A Weighted K-Center Algorithm for Data Subset Selection

Srikumar Ramalingam,Pranjal Awasthi,Sanjiv Kumar
2023-12-17
Abstract:The success of deep learning hinges on enormous data and large models, which require labor-intensive annotations and heavy computation costs. Subset selection is a fundamental problem that can play a key role in identifying smaller portions of the training data, which can then be used to produce similar models as the ones trained with full data. Two prior methods are shown to achieve impressive results: (1) margin sampling that focuses on selecting points with high uncertainty, and (2) core-sets or clustering methods such as k-center for informative and diverse subsets. We are not aware of any work that combines these methods in a principled manner.

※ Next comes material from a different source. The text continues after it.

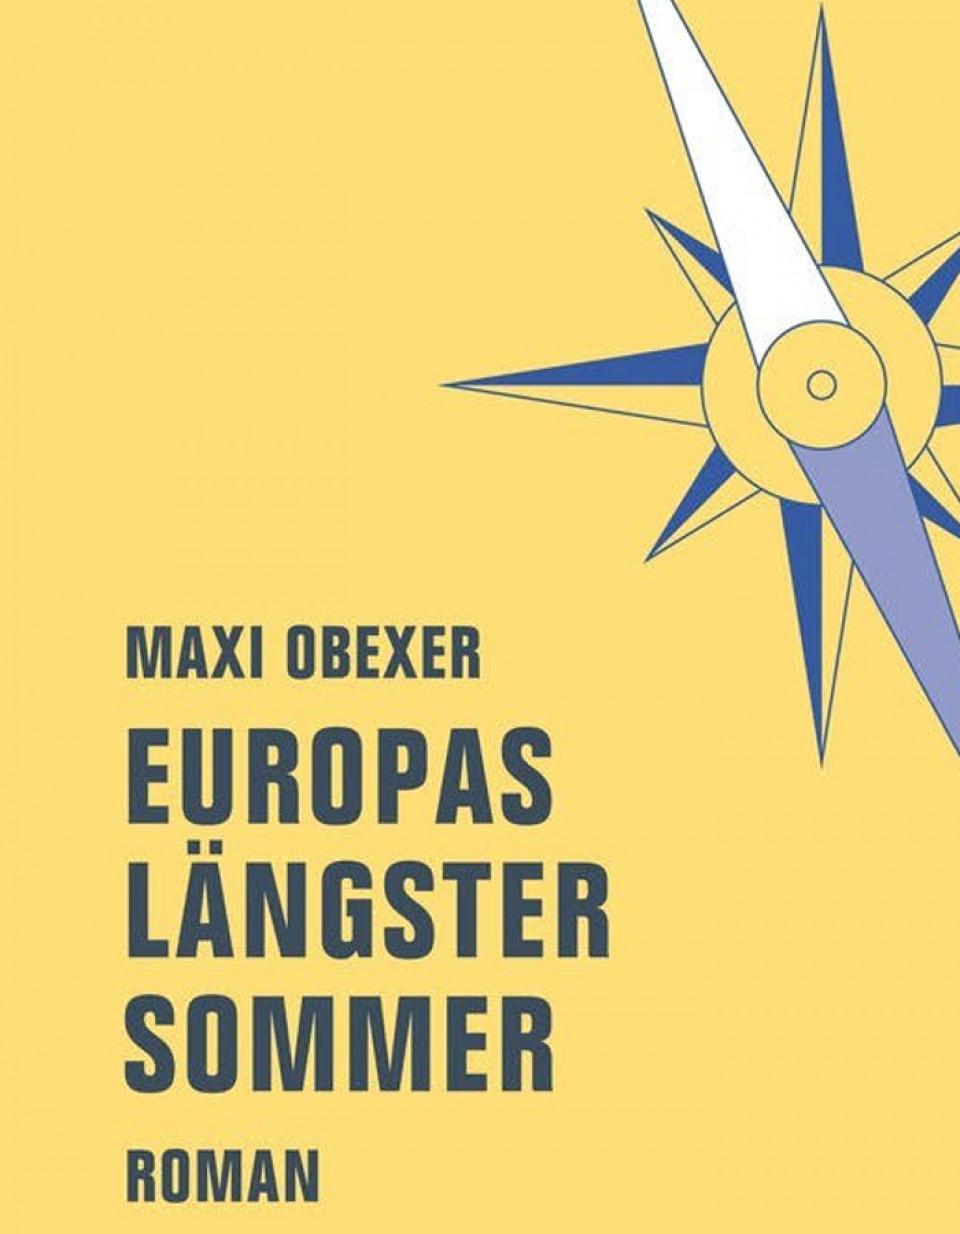 maxi_obexer_text.jpg

To this end, we develop a novel and efficient factor 3-approximation algorithm to compute subsets based on the weighted sum of both k-center and uncertainty sampling objective functions. To handle large datasets, we show a parallel algorithm to run on multiple machines with approximation guarantees. The proposed algorithm achieves similar or better performance compared to other strong baselines on vision datasets such as CIFAR-10, CIFAR-100, and ImageNet.
Machine Learning,Artificial Intelligence,Computer Vision and Pattern Recognition
What problem does this paper attempt to address?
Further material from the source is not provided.